Chronic kidney disease, hemodialysis and renal transplantation

Patients with advanced chronic kidney disease (CKD) have an impaired immune response to hepatitis B vaccination. In fact even using higher vaccine doses, only 50% to 85% of dialysis patients achieve a protective titer (> 10 IU/L) after hepatitis B vaccination[50-54]. Moreover anti-HBs titer in dialysis patients tends to fall quicker than in healthy subjects[50,53,55].

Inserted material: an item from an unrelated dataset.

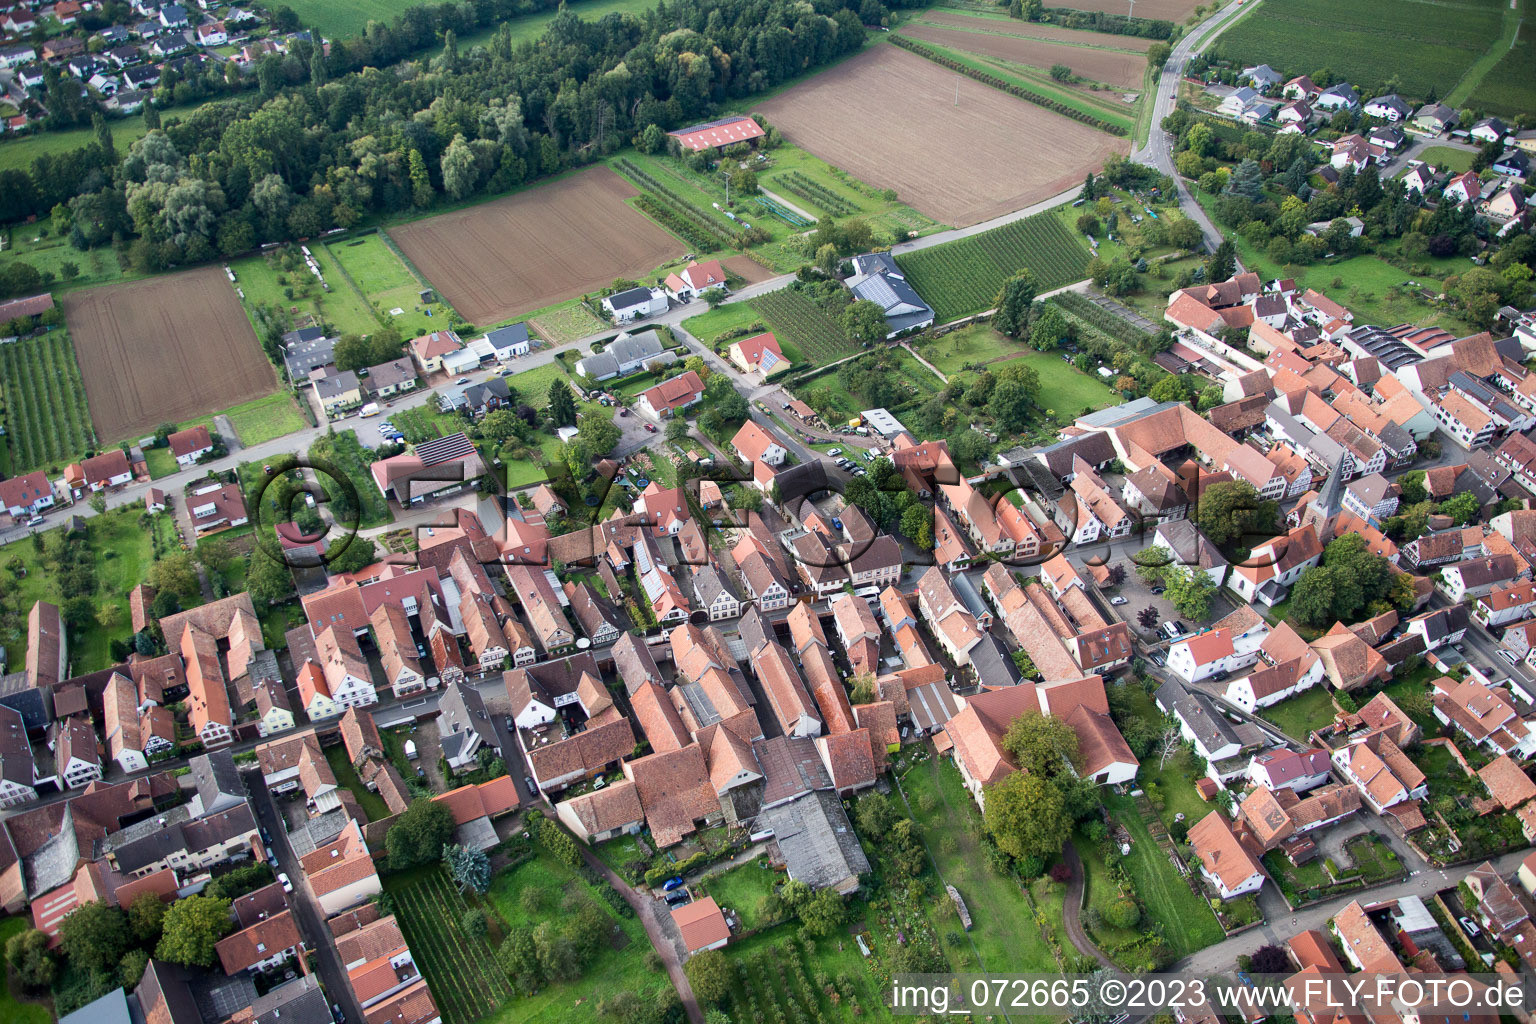 Drone recording of District Heuchelheim in Heuchelheim-Klingen in the state Rhineland-Palatinate, Germany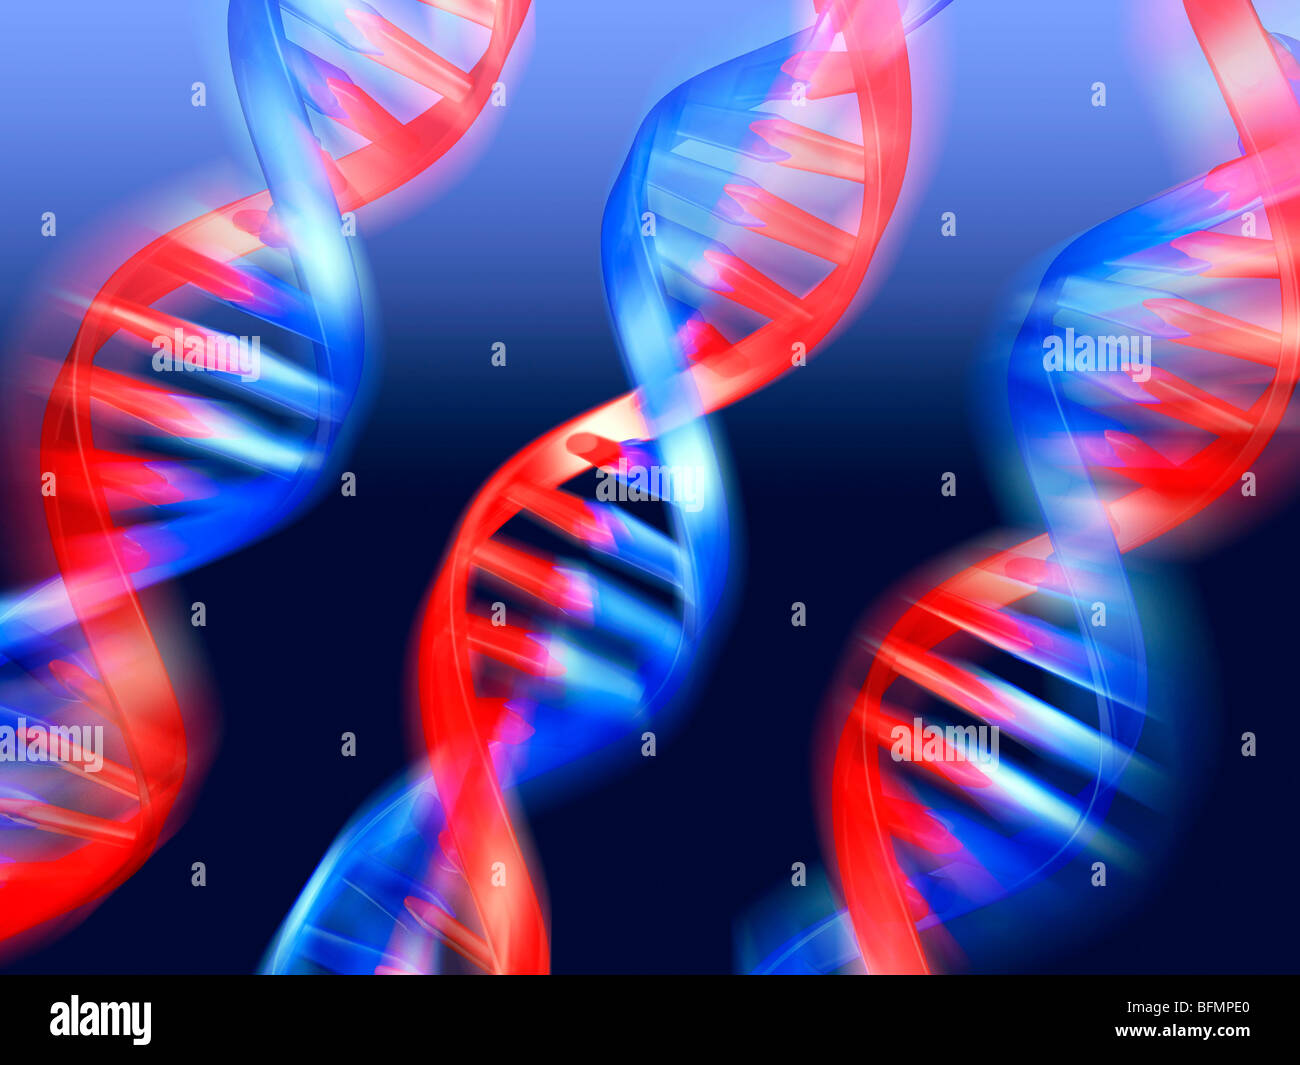 DNA molecules, artwork Stock Photo

Numerous genetic and acquired factors are involved in unresponsiveness to hepatitis B vaccination. In the 70-ties of the past century, immune response to HBsAg in HBV infected hemodialysis (HD) patients was linked to HLA[56,57]. In 1990, non responders HD patients had shown to have a higher frequency of HLA-A1, B8 and DR3 than responders[58]. More recently, interleukin genotypes (examples IL10, IL-12, IL-18) were related to the anti-HBs development in response to HBsAg in HD patients[59,60]. Another factor that negatively affect the response to hepatitis B vaccination seems to be an increasing of age[61-63]. Seroconversion rate to anti-HBs positivity after vaccination was 84% in HD patients below 40 years and only 33% in those ≥ 60 years[52]. Moreover poor response to hepatitis B vaccination in dialysis patients has been linked to male gender[58,64], low serum albumin concentration, bad nutritional status[65,66], serological positivity for hepatitis C virus (HCV)[67] or HIV[68], and diabetes mellitus[59,69]. Furthermore vitamin D deficiency could negatively affect antibody formation upon hepatitis B vaccination in stage 3-5D CKD patients[70]. It is well known that dialysis patients have an impaired immune function and there is a positive correlation between increase of immune abnormalities and deterioration of renal function. The best example is correlation of serum soluble CD40 levels with creatinine in non-dialyzed CKD patients. Soluble CD40 is capable to inhibit immunoglobulin production by CD154-activated B lymphocytes in vitro and there is a positive correlation between the serum levels of soluble CD40 and the poor response to hepatitis B vaccination[71]. The decline of the immune system in the course of CKD should represent a valid reason for vaccinating CKD patients in early stages of their renal diseases. According to European Best Practice Guidelines (2002) “patients with progressive renal failure should be vaccinated against HBV preferably before the start on HD”[51] and the United States Center for Disease Control and Prevention suggests to administer three further doses of intramuscular vaccine in hemodialysis patients[55].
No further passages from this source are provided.